Neglectful

I realize that if the act of keeping this blog were a relationship, I would have sent the dreaded Dear John letter ages ago. My visits to this place have been infrequent and the blog must feel neglected. Thankfully, when I look at my stats, my readers have not abandoned me. Thank you so much! 

Quick update since the last post: The poisonous steroids have been purged from my system. The side effects I was experiencing, aside from an increase in hip pain, have receded. After seeing the Neuro-Ophthalmologist, it was determined that I was experience migraines and seizure from the temporal lobe region – all a result of the hippocampal sclerosis. Now that I am back on the Topamax, or in the process of titrating up, the hope is that the medication will be a solution for both. 

Endometriosis Update: 

If you are unfamiliar with the previous posts regarding my recent adventures with the Mirena IUD, I suggest you read the following posts before reading this next section: Mirena Removal Time & Mirena Insertion/Optic Neuritis (you really only need to read the part regarding Mirena).

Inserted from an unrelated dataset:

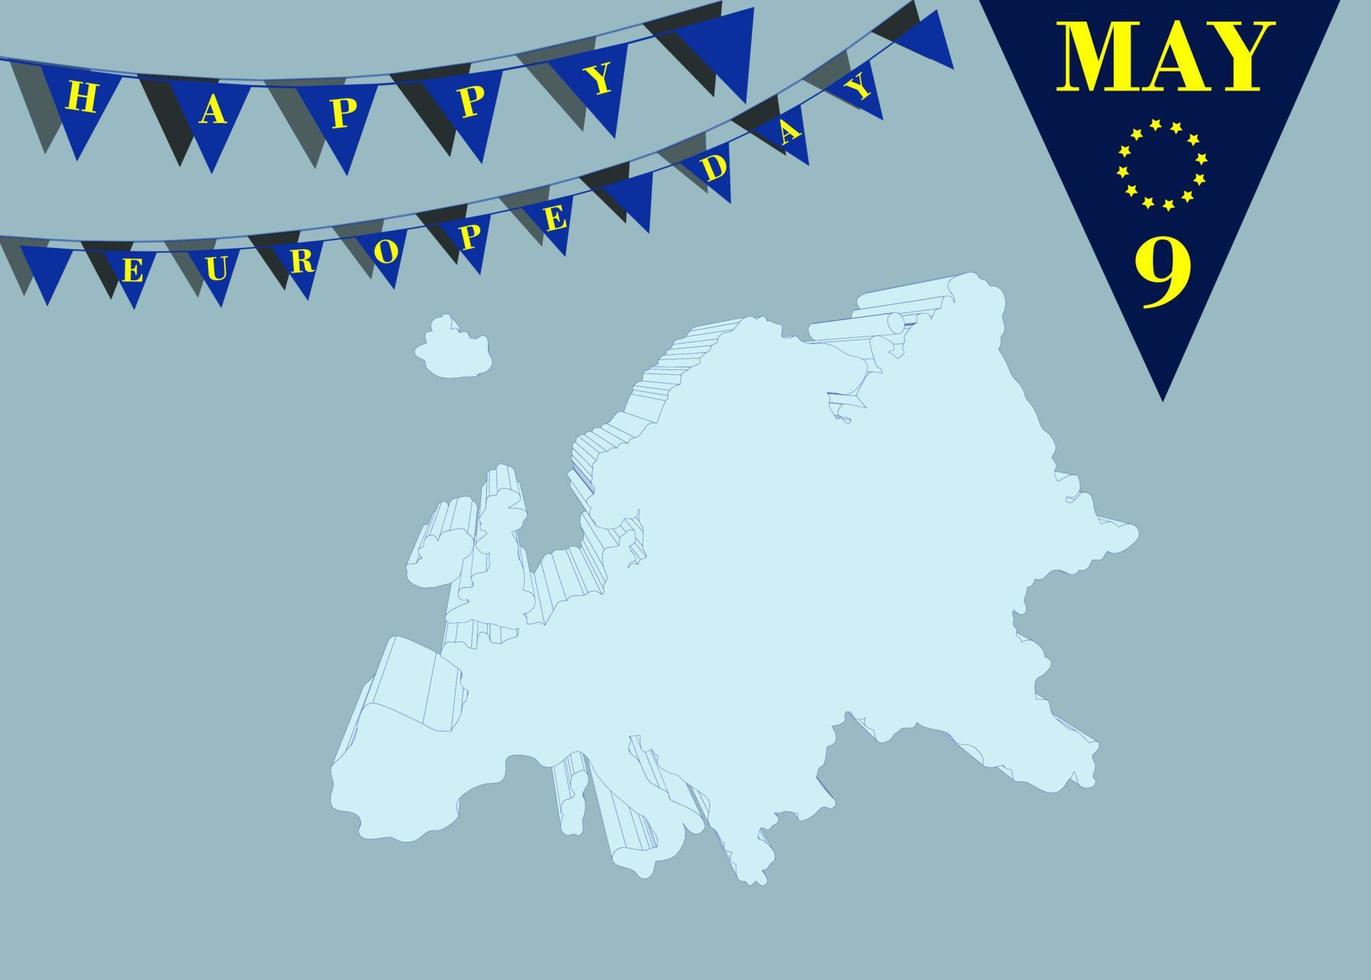 Día de Europa 9 de mayo. mapa de europa un concepto de bandera. diseño de fondo vectorial, pancarta, afiche o tarjeta con banderas y letras. paz y unidad en europa celebrada el 9 de mayo por la unión europea. vector

Roughly a little over 1 month lapsed between having the Mirena removed and having one reinserted. Unfortunately, this meant my cycle returned. Having read numerous e-mails over the years from Mirena users, I knew my chances of a period returning in the first month were a gamble. Some women had to start taking birth control pills to resume their cycles, while others began bleeding at the time of removal (which you will for a day or so – and this is normal) and not stop for weeks. I knew going into it that I knew enough to know not to expect anything. But I did get my period after 3 weeks, and while the pain wasn’t bad, the moods were miserable, and my dysautonomia couldn’t handle it. 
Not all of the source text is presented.